Type II mutation (Glu117stop) causes factor XI deficiency by inducing allele specific mRNA degradation

Severe factor XI (FXI) deficiency is a bleeding disorder generally inherited as an autosomal recessive trait and characterized by haemorrhagic symptoms mainly associated with injury or surgery. The disease has been described in most populations but is particularly common in Jews, where a heterozygous frequency of 9% has been reported. Among known genetic defects in the FXI gene, the type II mutation (Glu117stop) is highly frequent in Ashkenazi and Iraqi Jews, and was repeatedly found also in other populations, always associated with the same founder haplotype. This nonsense mutation, which creates a premature termination codon (PTC) in exon 5, is predicted to cause the synthesis of a truncated protein, which is absent from patients’ plasma. However, transcripts harboring PTCs are also known to frequently undergo an allele specific degradation through the nonsense-mediated mRNA decay mechanism, which prevents cells from the deleterious effects (i.e. dominant negative or gain-of-function) of truncated protein possibly originating from stable nonsense transcripts.
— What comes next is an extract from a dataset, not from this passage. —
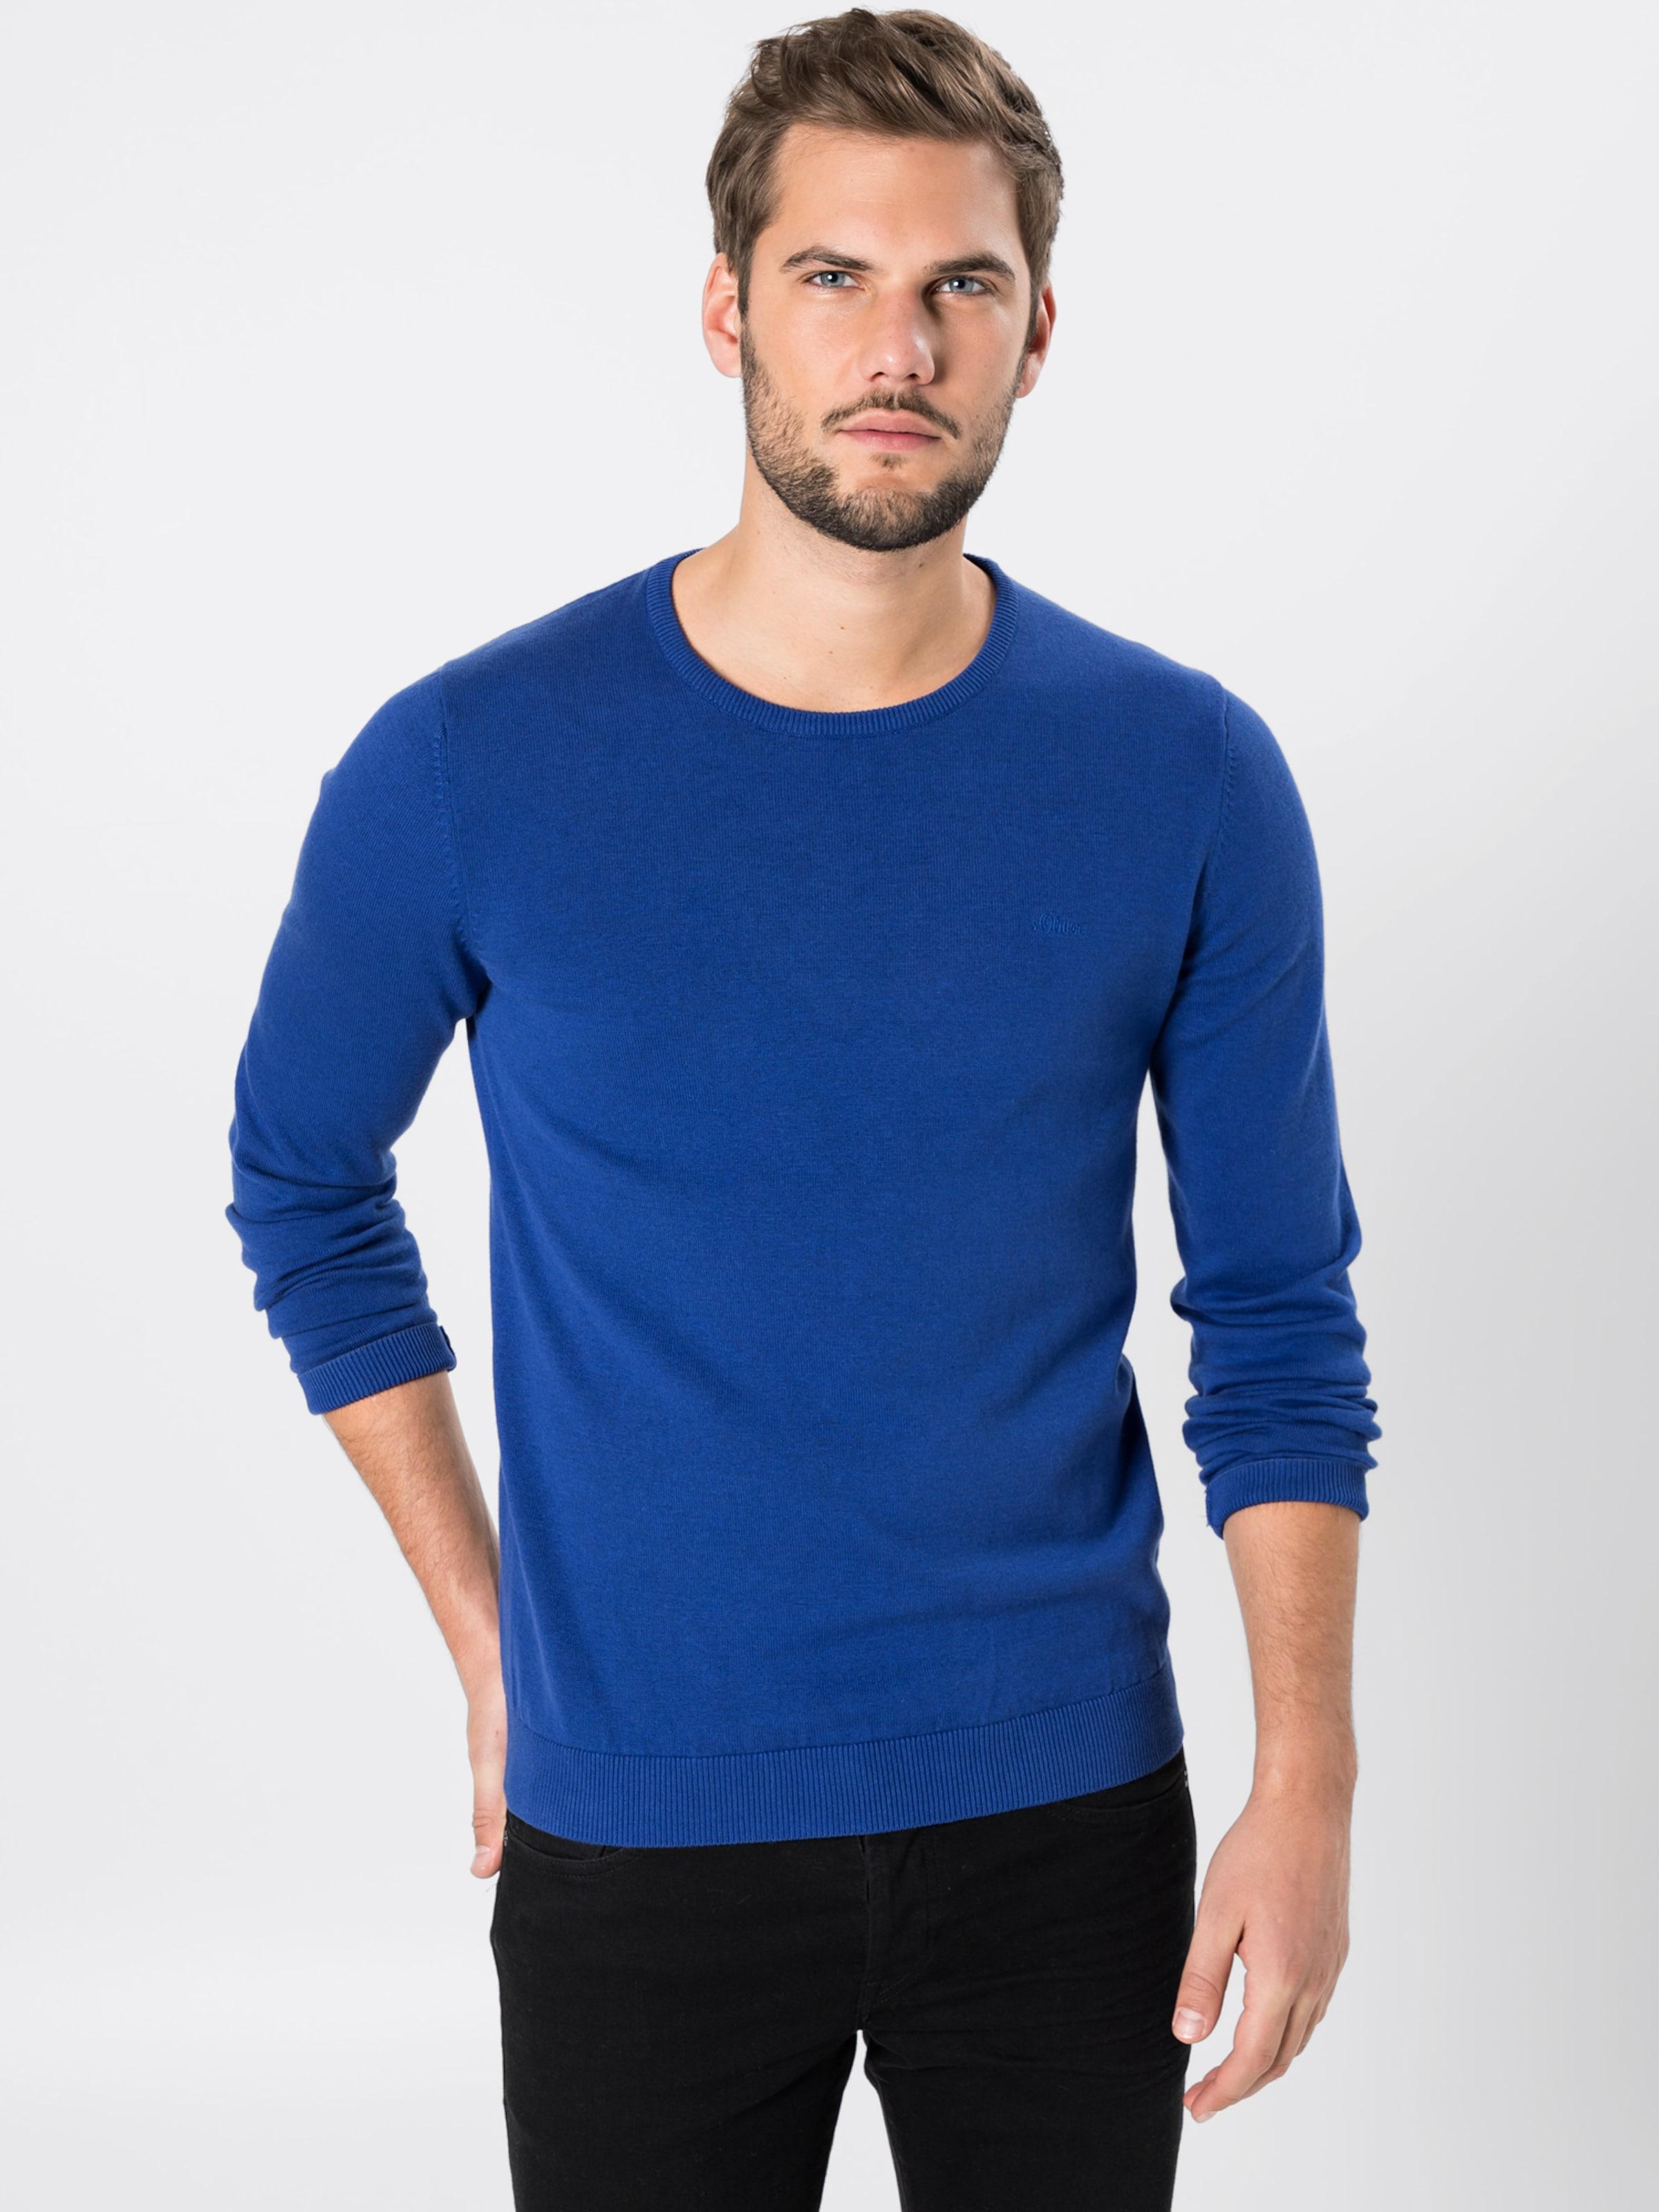 S S oliver In S Pullover In oliver Blau Pullover Blau PZuOkiXTwl

So far, no evidence has been reported on the effect of the Glu117stop mutation on FXI mRNA metabolism. In this study, platelet-derived mRNAs from three Italian patients carrying the type II mutation in the heterozygous state were analyzed by RT-PCR and sequencing, and compared to their corresponding genomic sequence. In all patients, only transcripts originating from the wild-type allele were detected, suggesting the selective degradation of FXI mRNAs harboring the PTC. Moreover, no evidence of alternative splicing of FXI exon 5, previously reported to occur in platelets, was found in these patients. It will be interesting to extend analysis to other FXI null mutations in order to evaluate the effect of premature termination codons on FXI mRNA metabolism.